## Your assignment:
All lines from the one containing "MASCOT Polo XL" through the final line of the listing below, and no others, must be returned exactly; no pictures belong in the copy.

## Given information:
^^^^

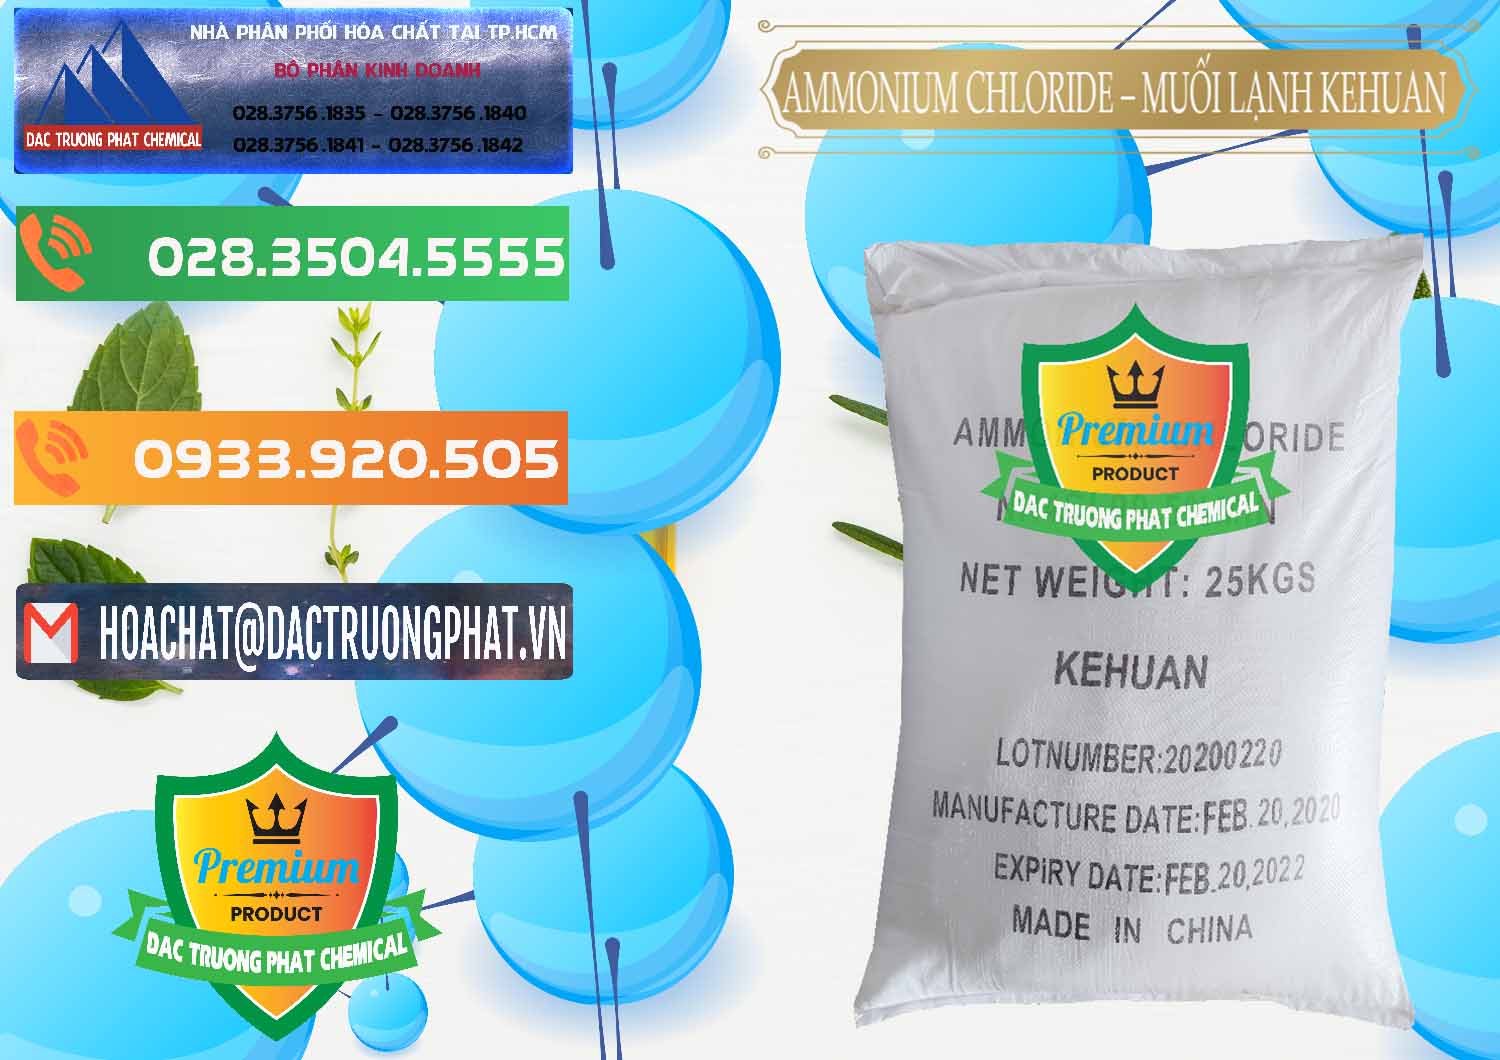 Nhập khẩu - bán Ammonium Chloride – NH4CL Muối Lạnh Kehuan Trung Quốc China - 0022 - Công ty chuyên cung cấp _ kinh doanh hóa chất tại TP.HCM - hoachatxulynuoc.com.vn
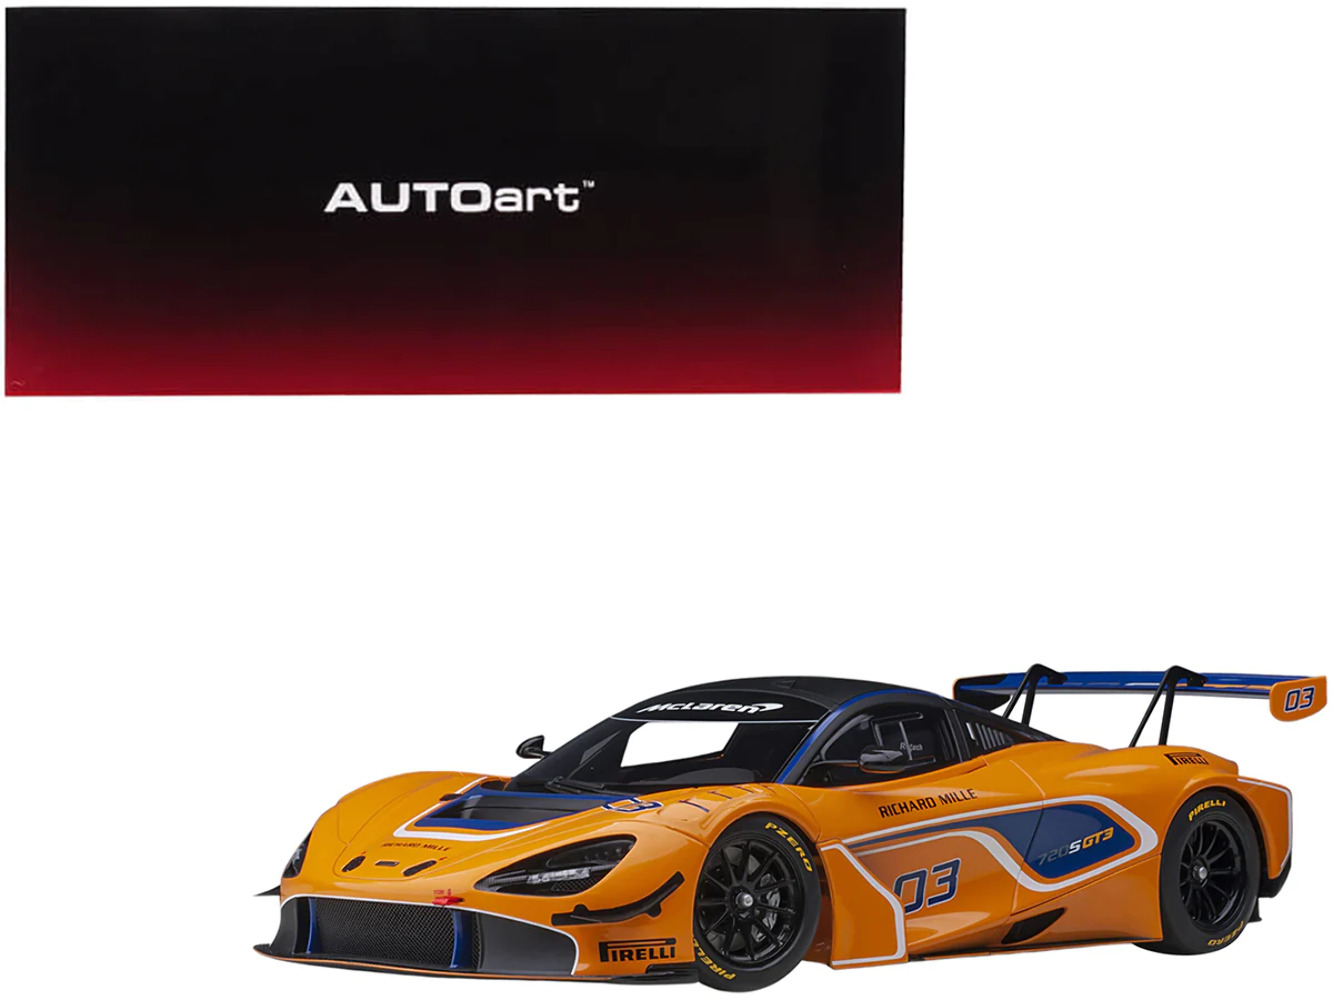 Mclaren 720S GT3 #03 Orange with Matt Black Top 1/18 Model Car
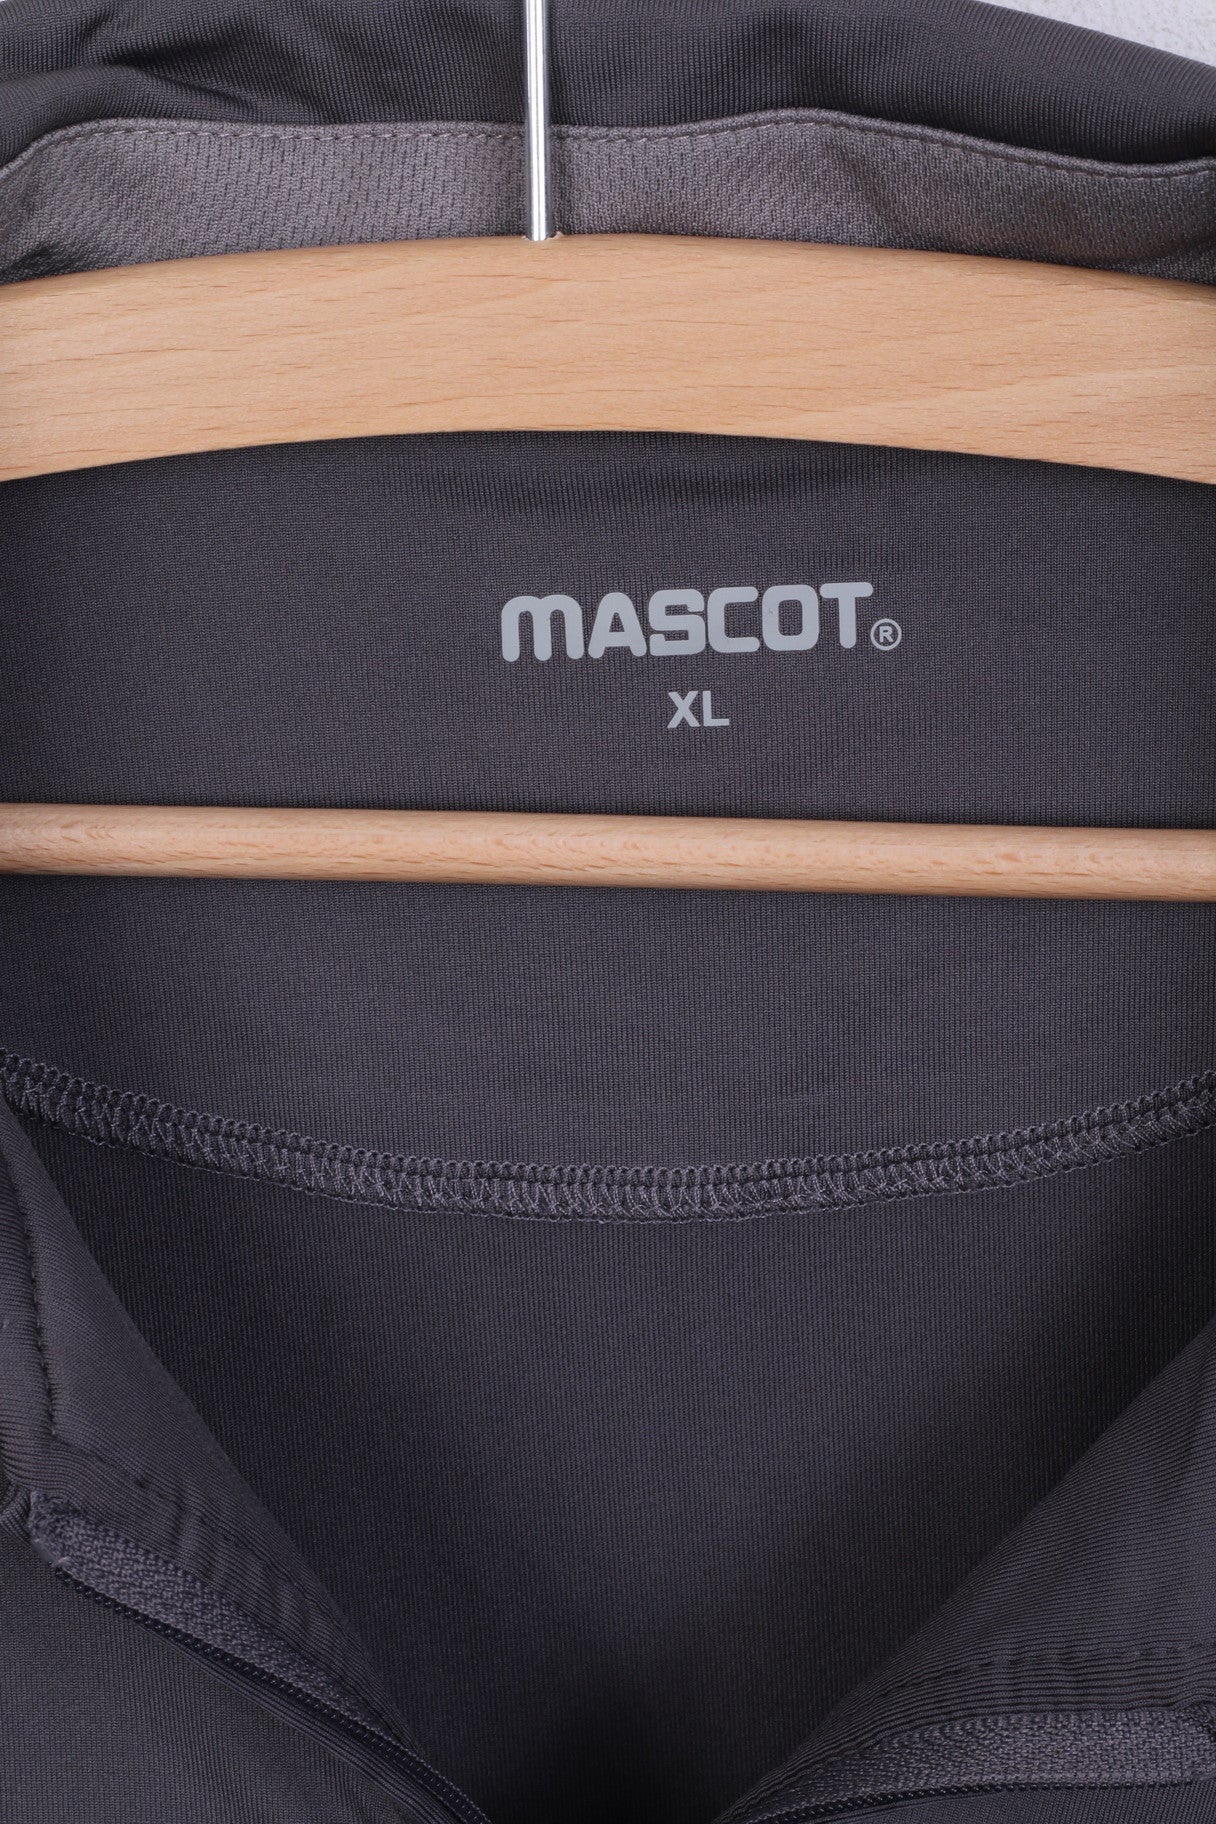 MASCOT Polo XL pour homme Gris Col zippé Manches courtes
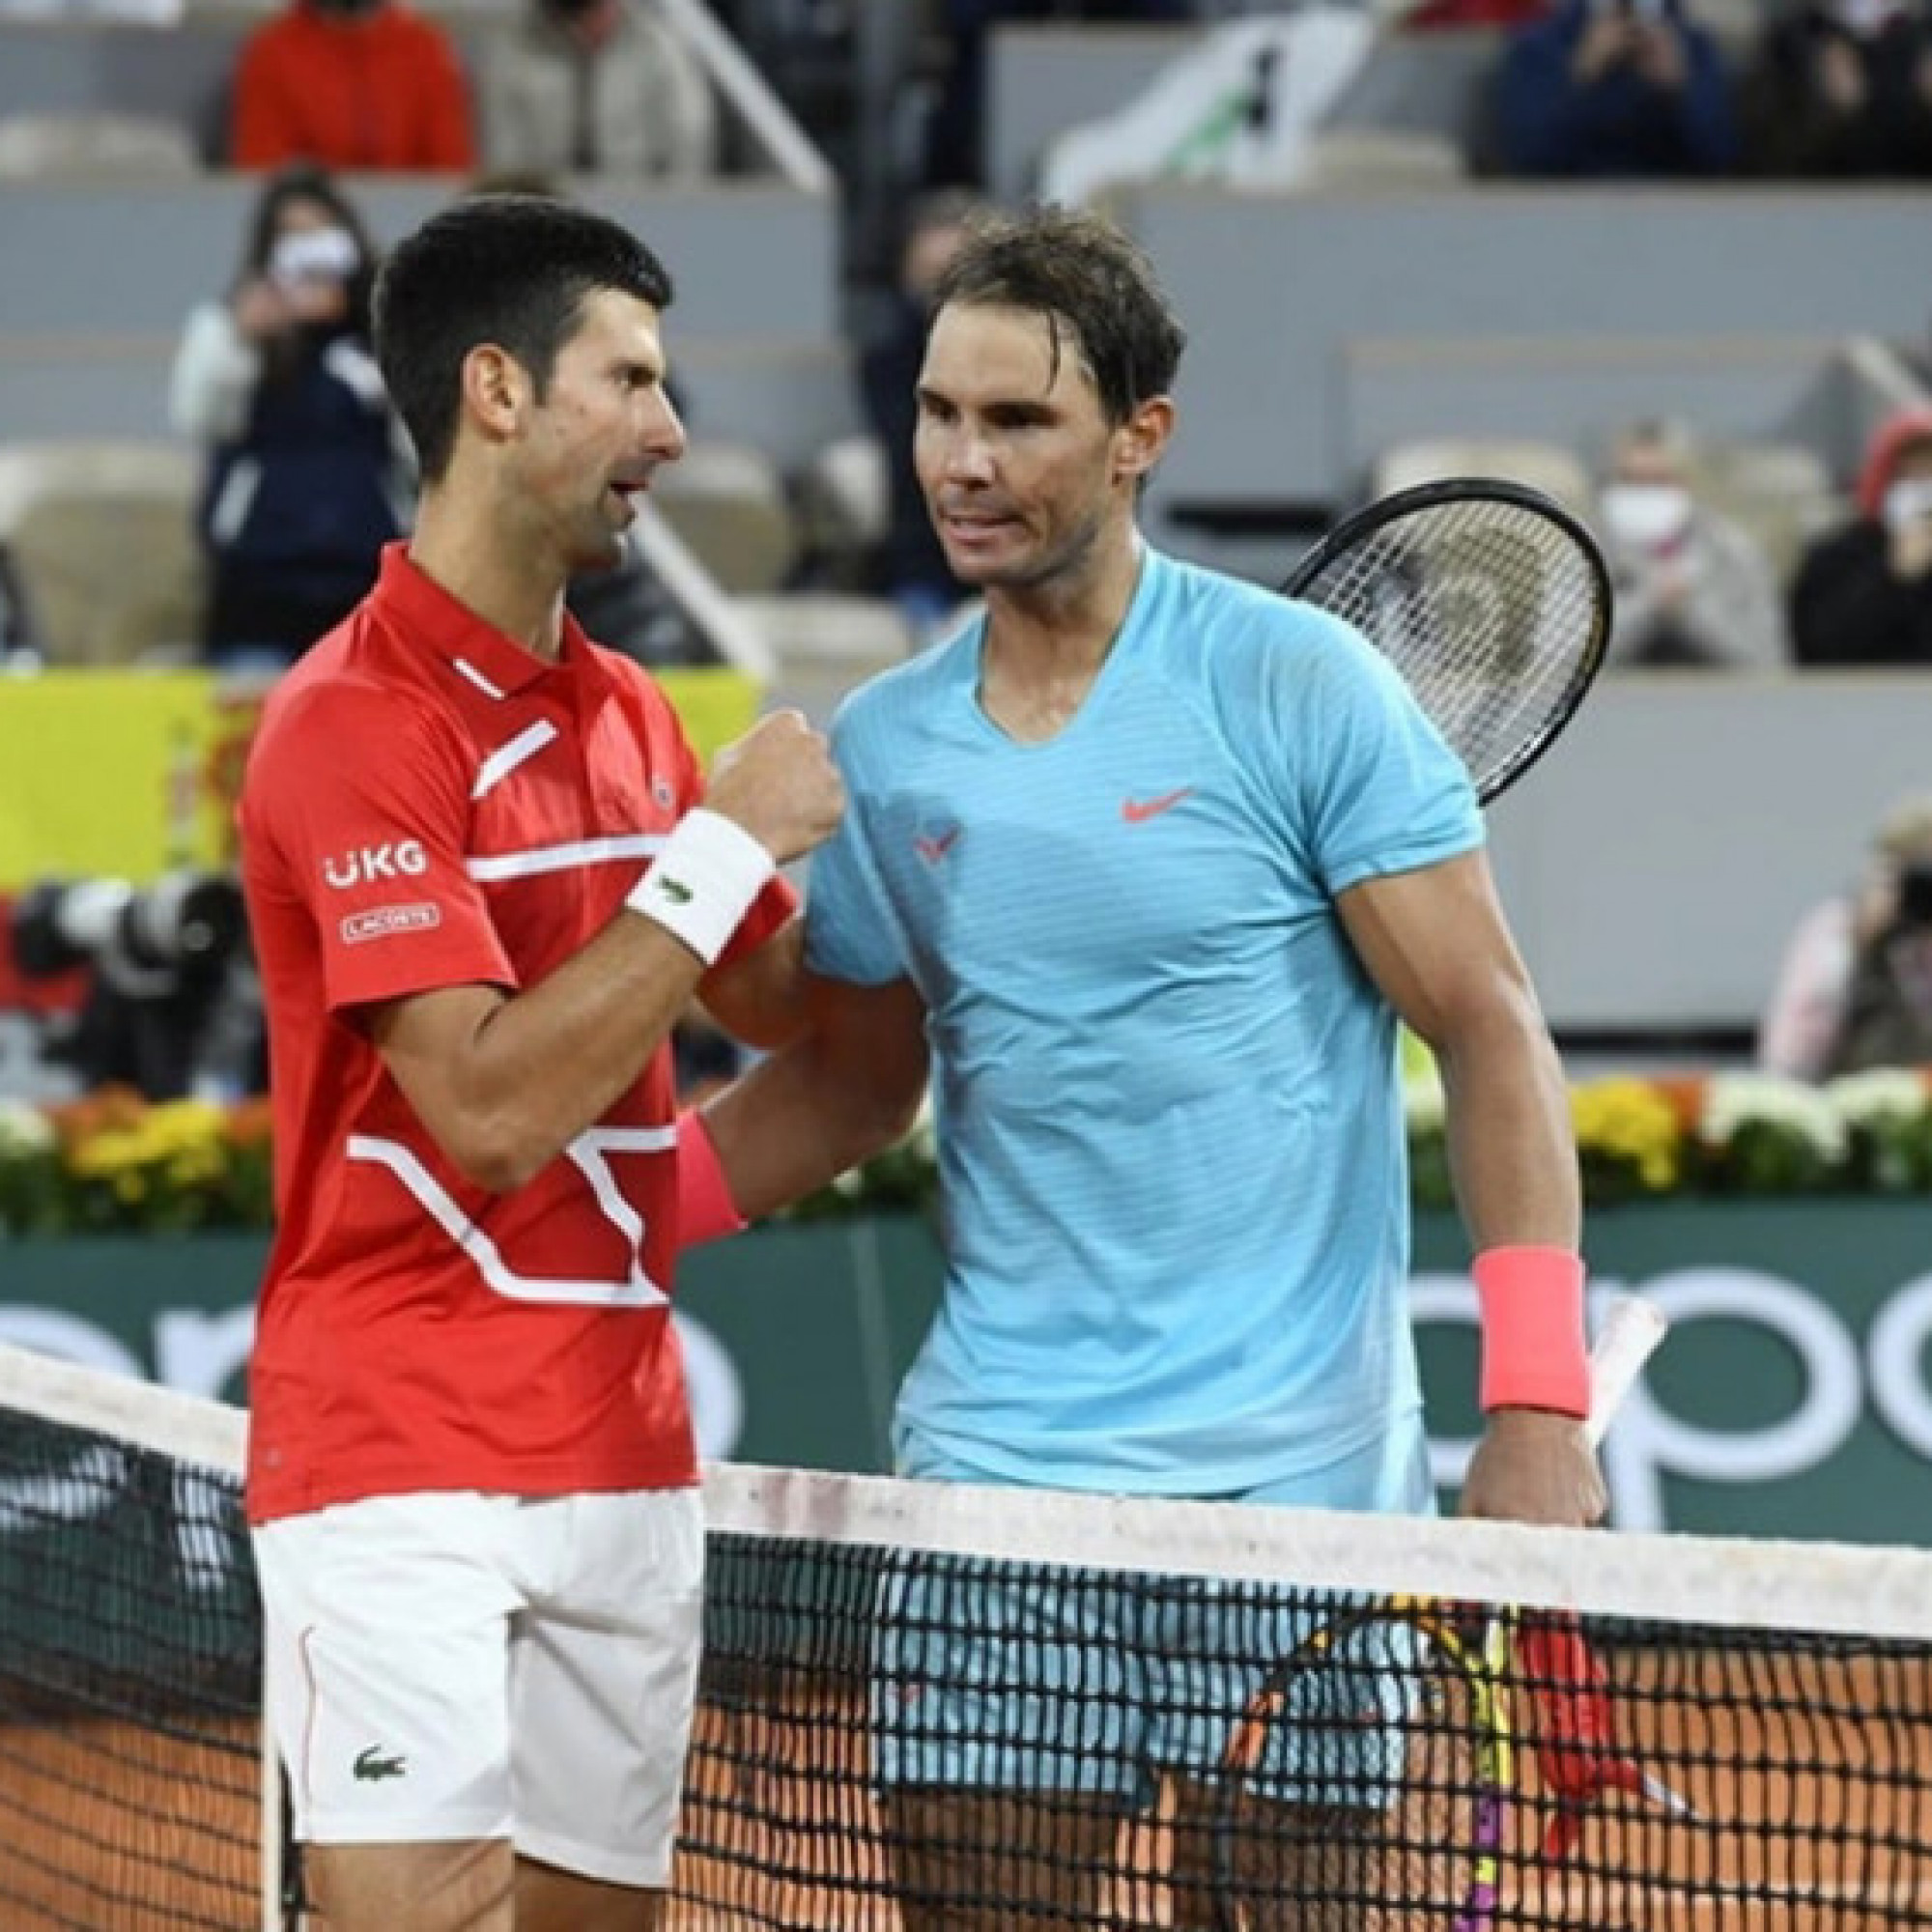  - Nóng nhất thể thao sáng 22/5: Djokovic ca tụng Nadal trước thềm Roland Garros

^^^^

## Problem solution:
 MASCOT Polo XL pour homme Gris Col zippé Manches courtes
  - Nóng nhất thể thao sáng 22/5: Djokovic ca tụng Nadal trước thềm Roland Garros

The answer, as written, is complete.